╭─ EXERCISE DATA
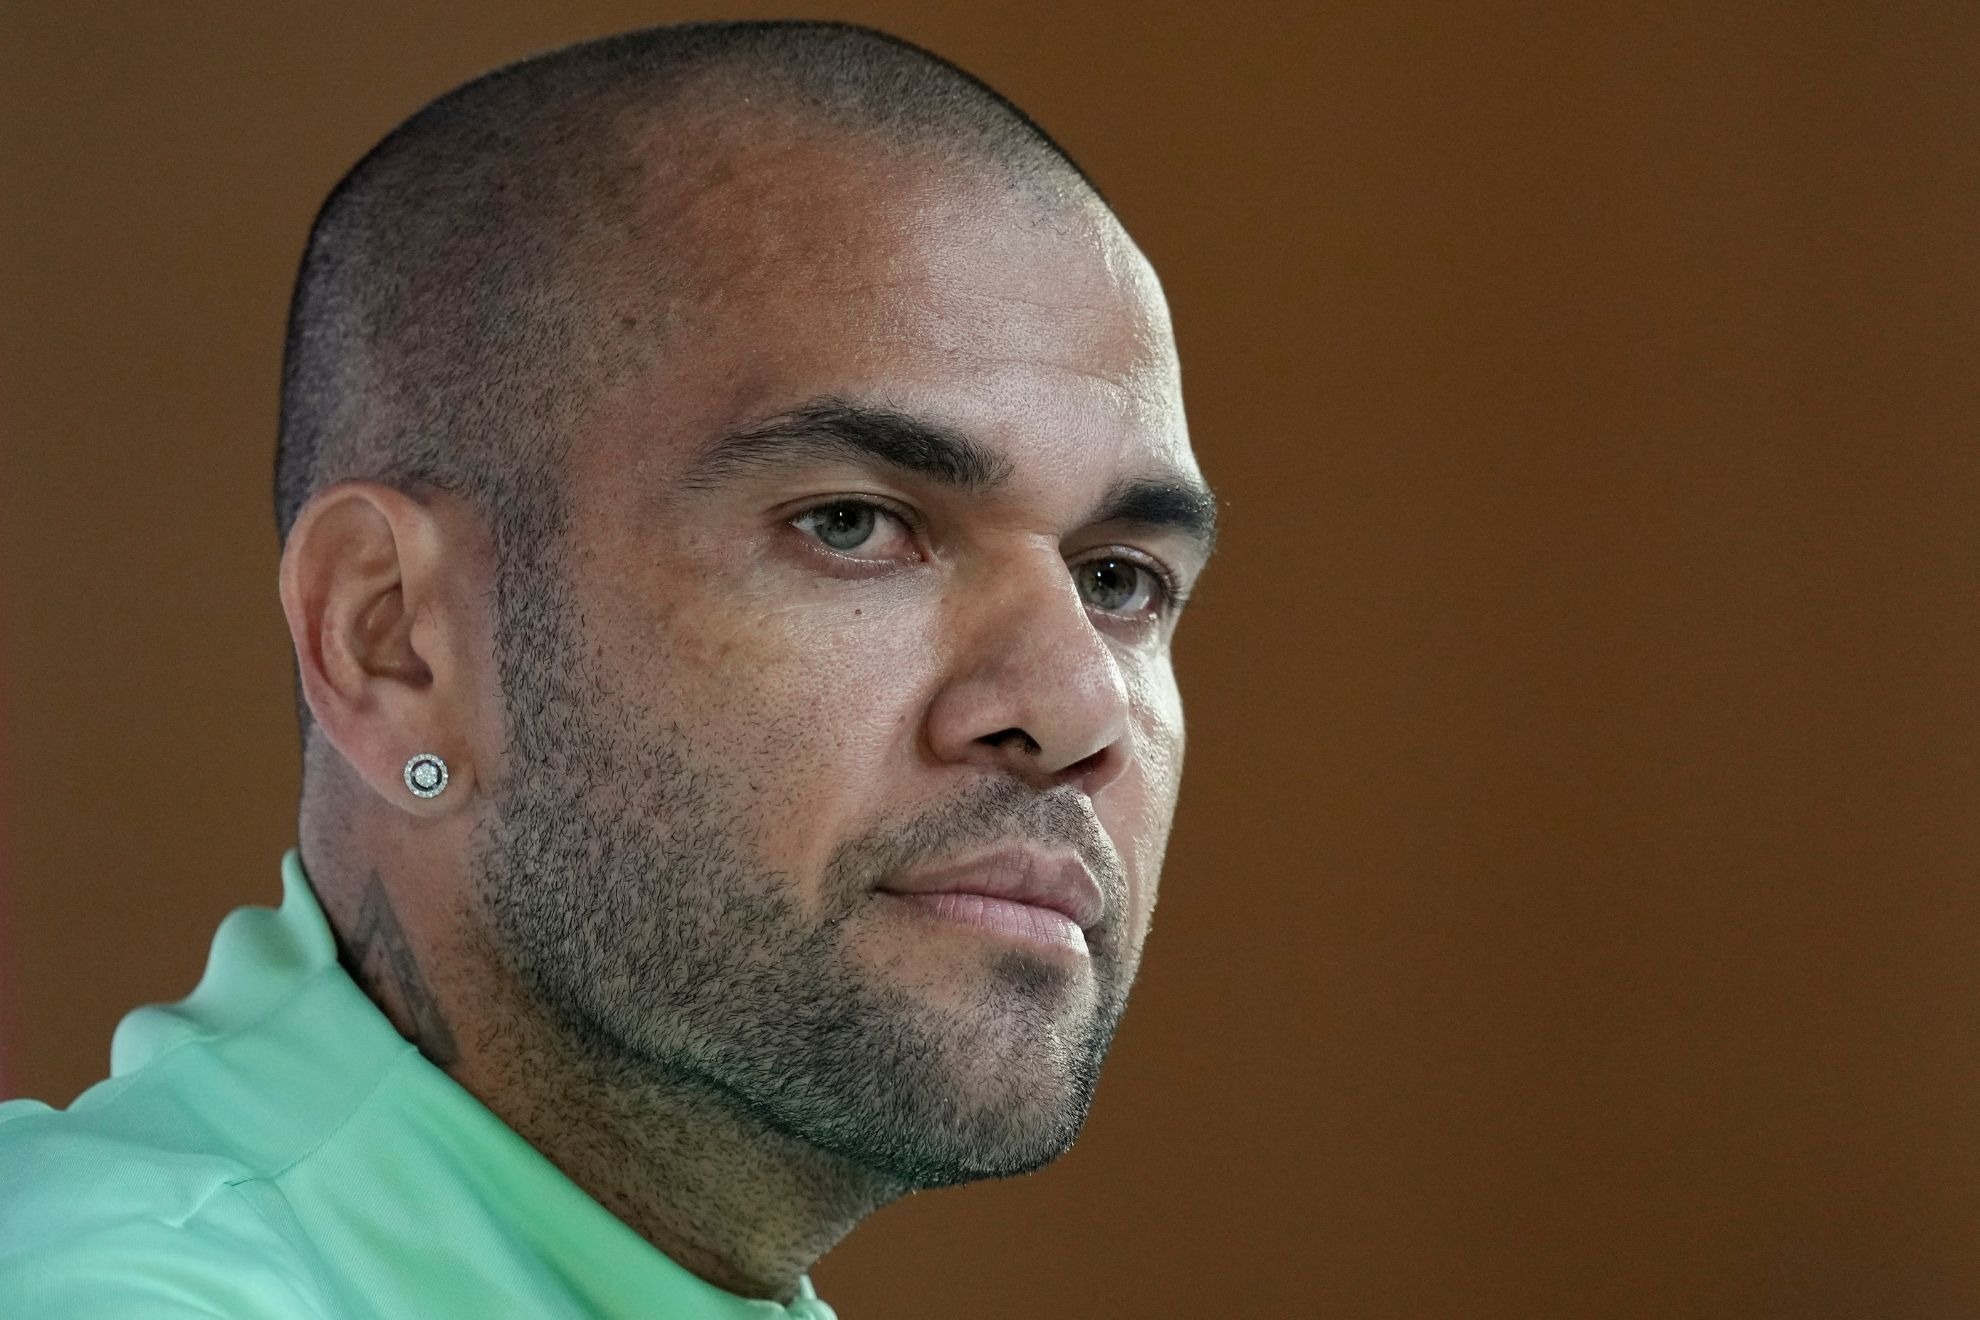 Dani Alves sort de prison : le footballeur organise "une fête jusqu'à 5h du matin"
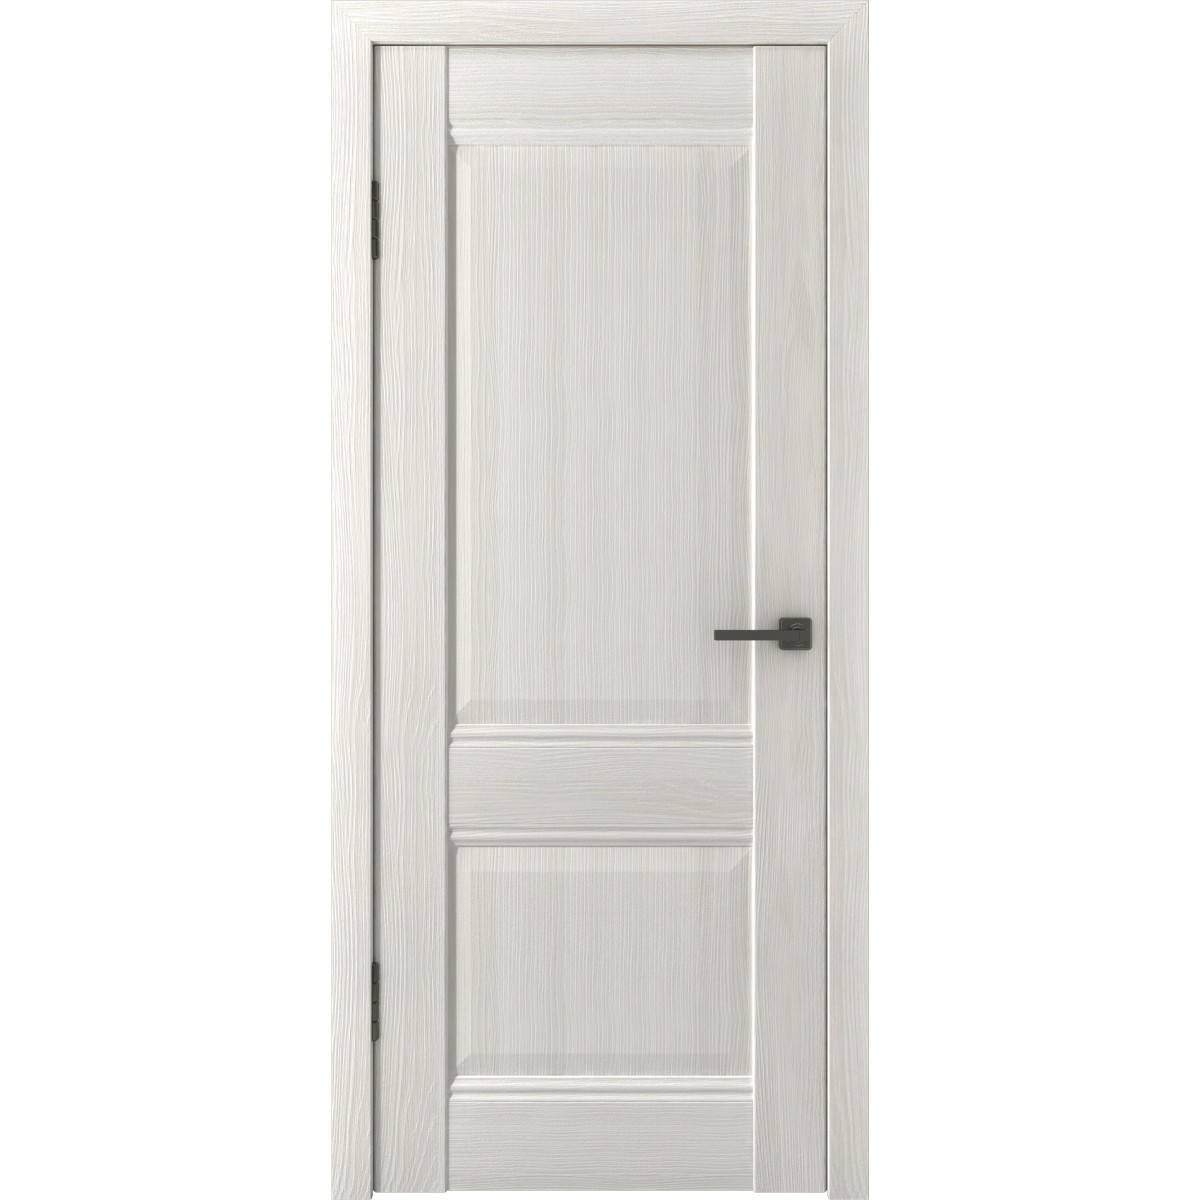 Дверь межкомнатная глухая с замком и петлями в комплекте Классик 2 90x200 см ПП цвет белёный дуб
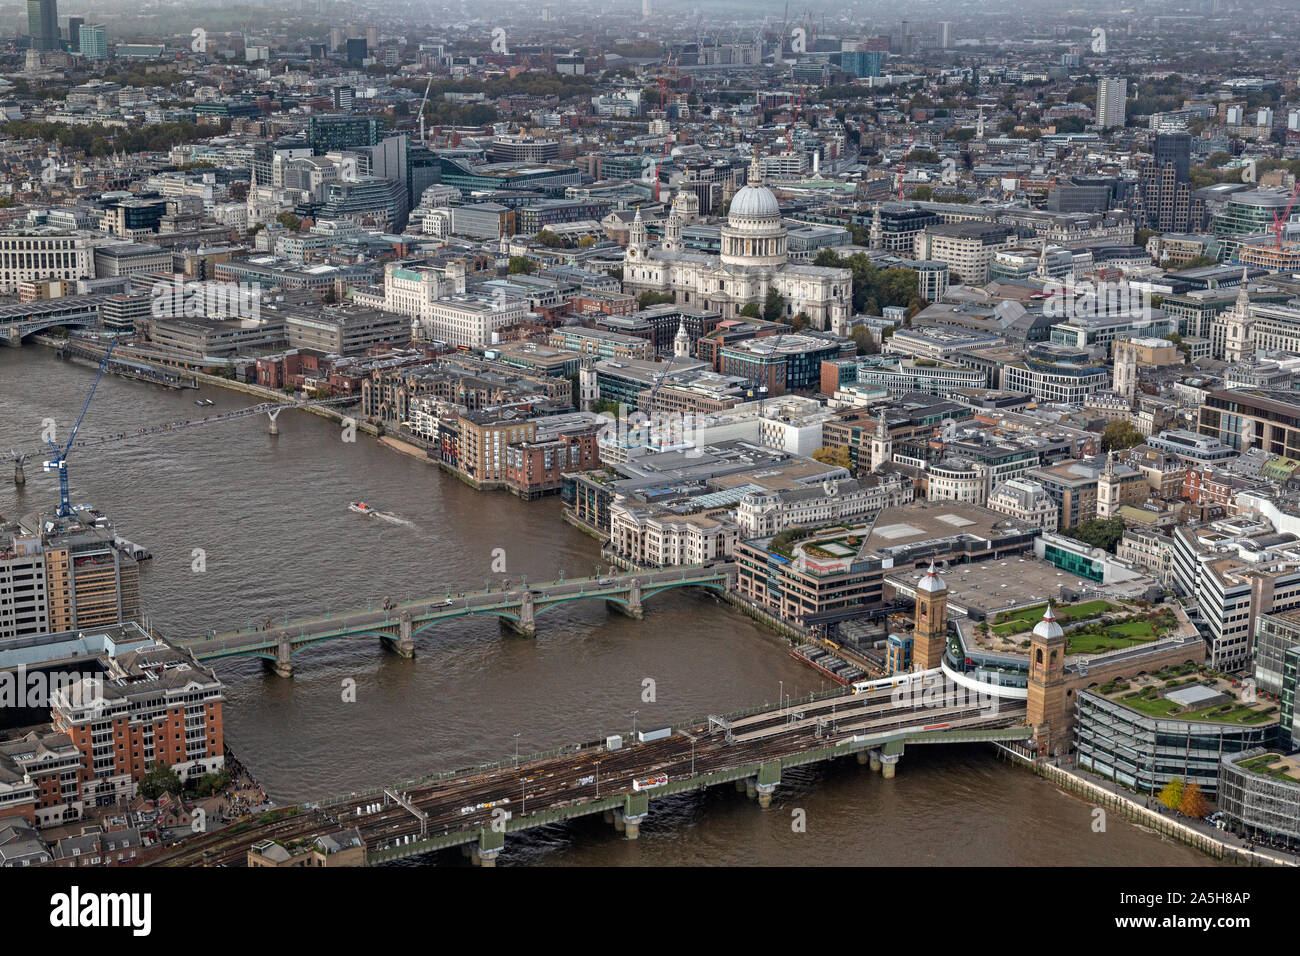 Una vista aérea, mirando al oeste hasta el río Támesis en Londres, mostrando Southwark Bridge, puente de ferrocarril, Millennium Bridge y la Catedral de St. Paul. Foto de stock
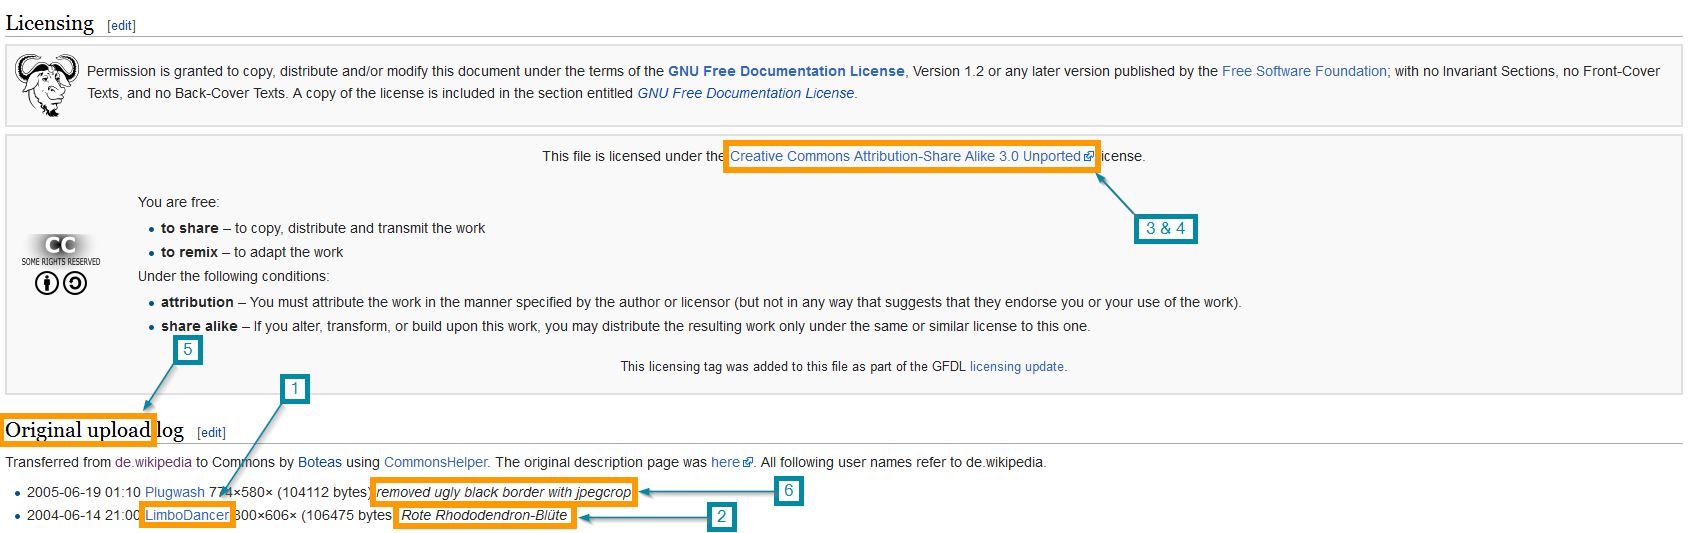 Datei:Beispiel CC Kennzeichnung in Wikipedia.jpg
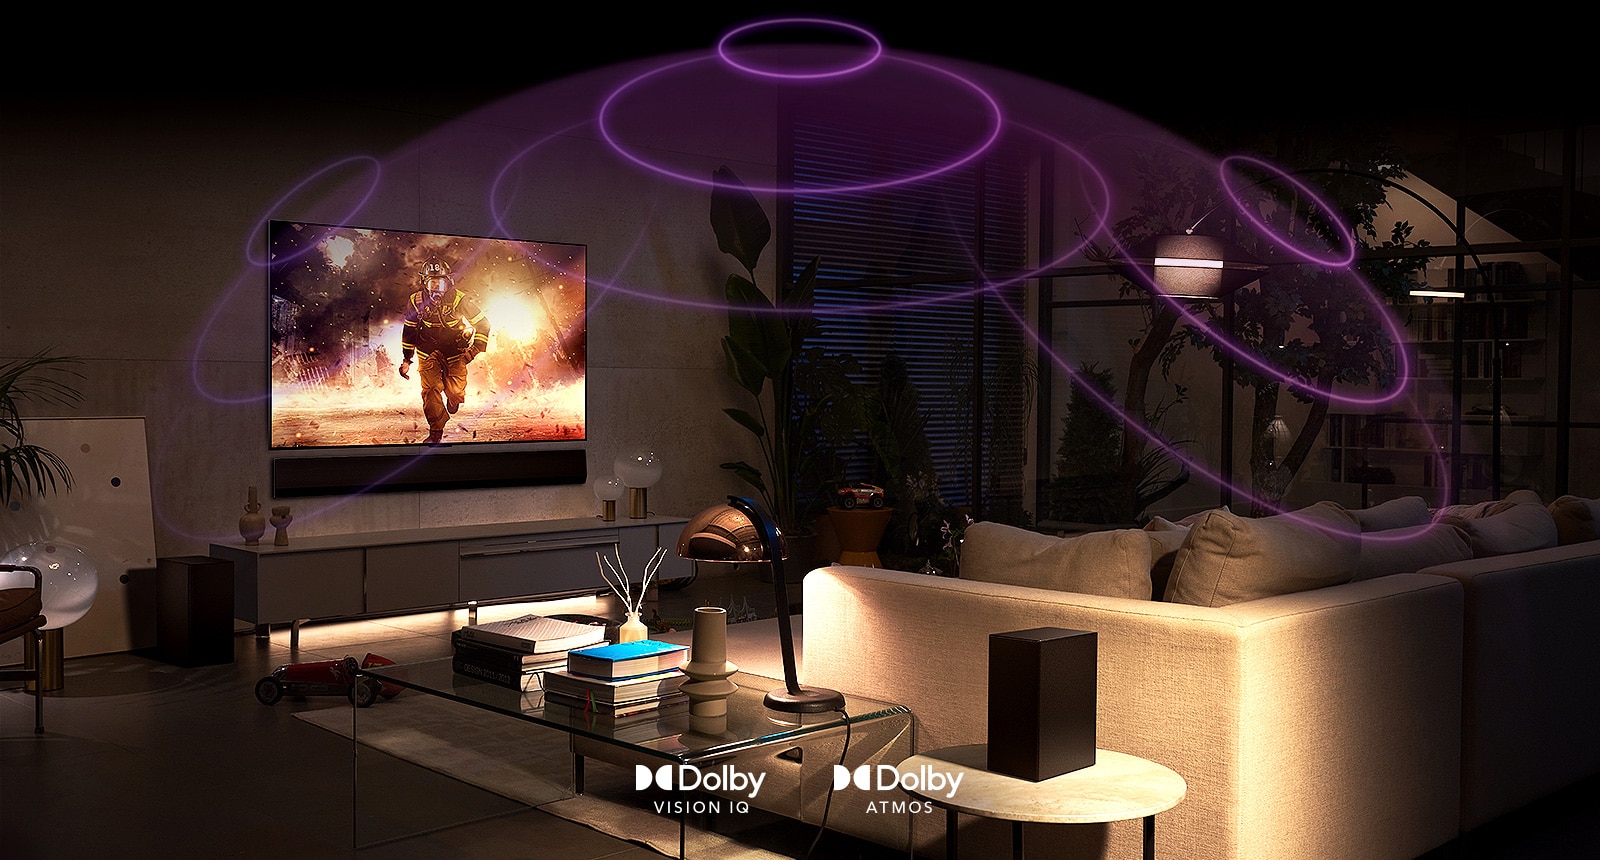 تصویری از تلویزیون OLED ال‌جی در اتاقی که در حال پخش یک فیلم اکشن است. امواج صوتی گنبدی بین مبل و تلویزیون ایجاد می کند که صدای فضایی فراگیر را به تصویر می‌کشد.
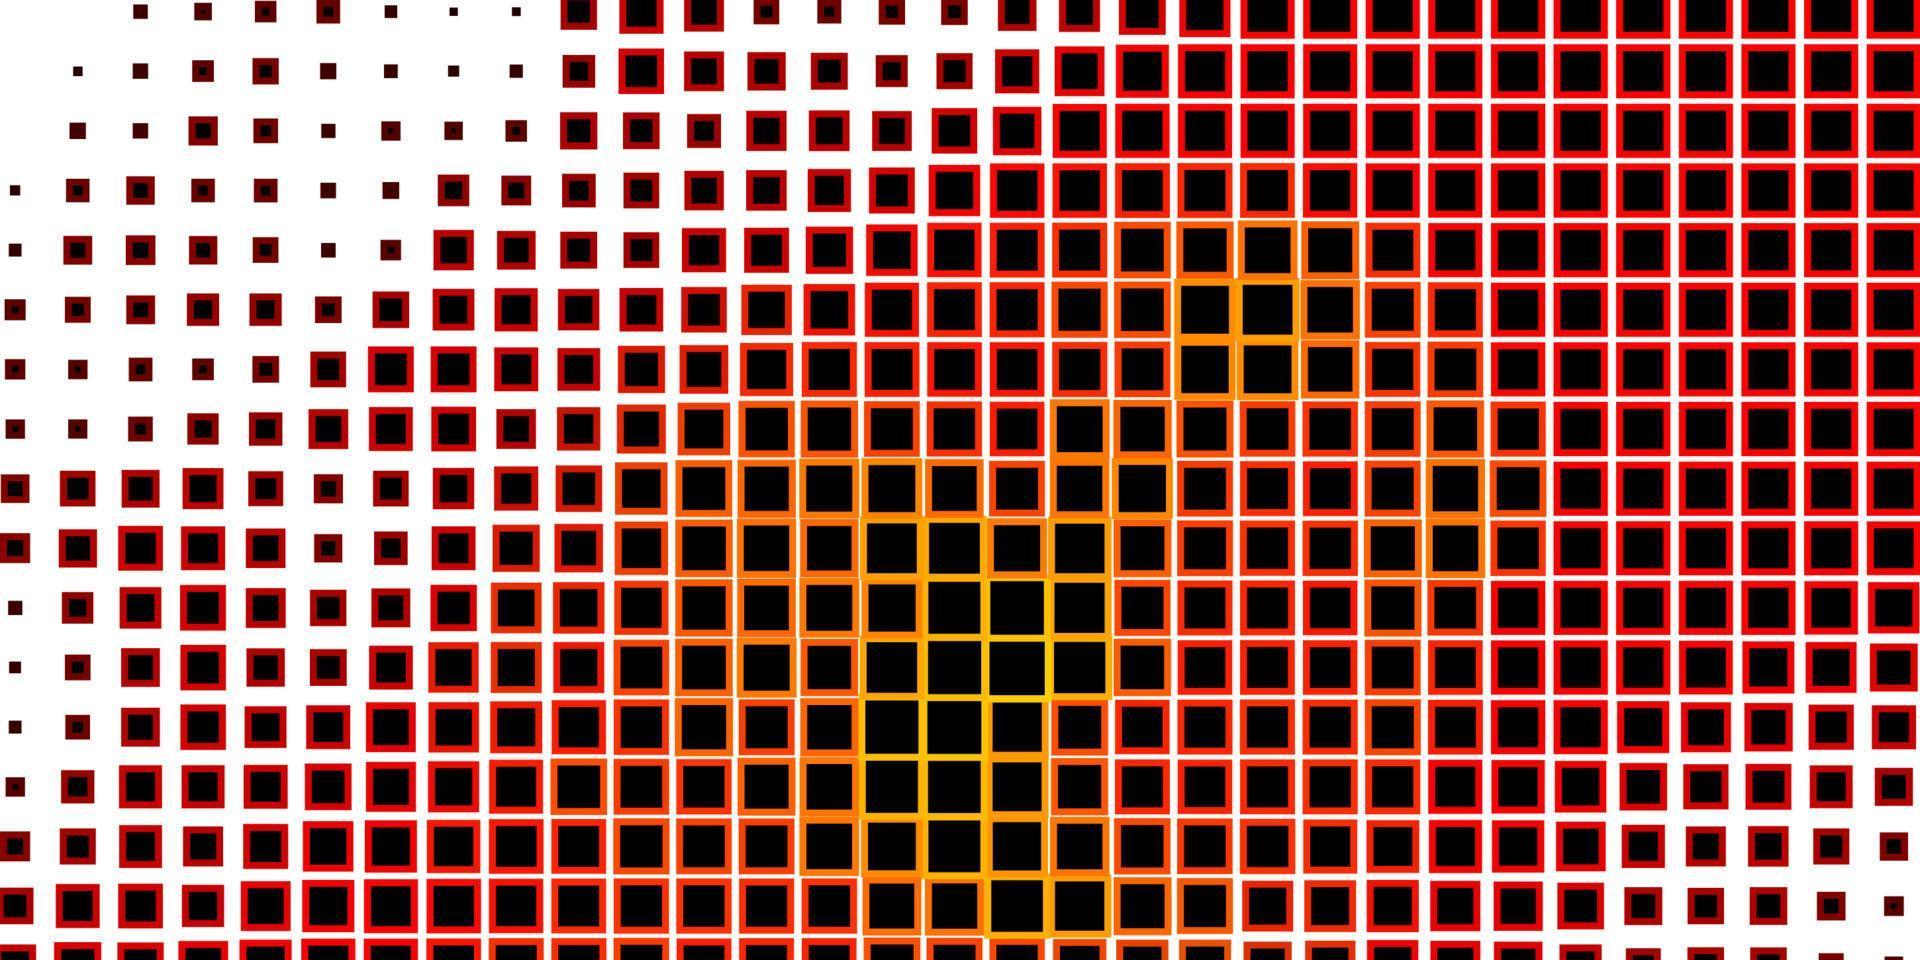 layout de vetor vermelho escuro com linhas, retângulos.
╰─
» **TRY IT**: The response should hold only an exact retyping of the lines from the beginning of the data through the line containing "Una vista aérea, mirando", both ends kept, pictures omitted.

» **SOLVED PROBLEM**:
 Dani Alves sort de prison : le footballeur organise "une fête jusqu'à 5h du matin"
 Дверь межкомнатная глухая с замком и петлями в комплекте Классик 2 90x200 см ПП цвет белёный дуб
 Una vista aérea, mirando al oeste hasta el río Támesis en Londres, mostrando Southwark Bridge, puente de ferrocarril, Millennium Bridge y la Catedral de St. Paul. Foto de stock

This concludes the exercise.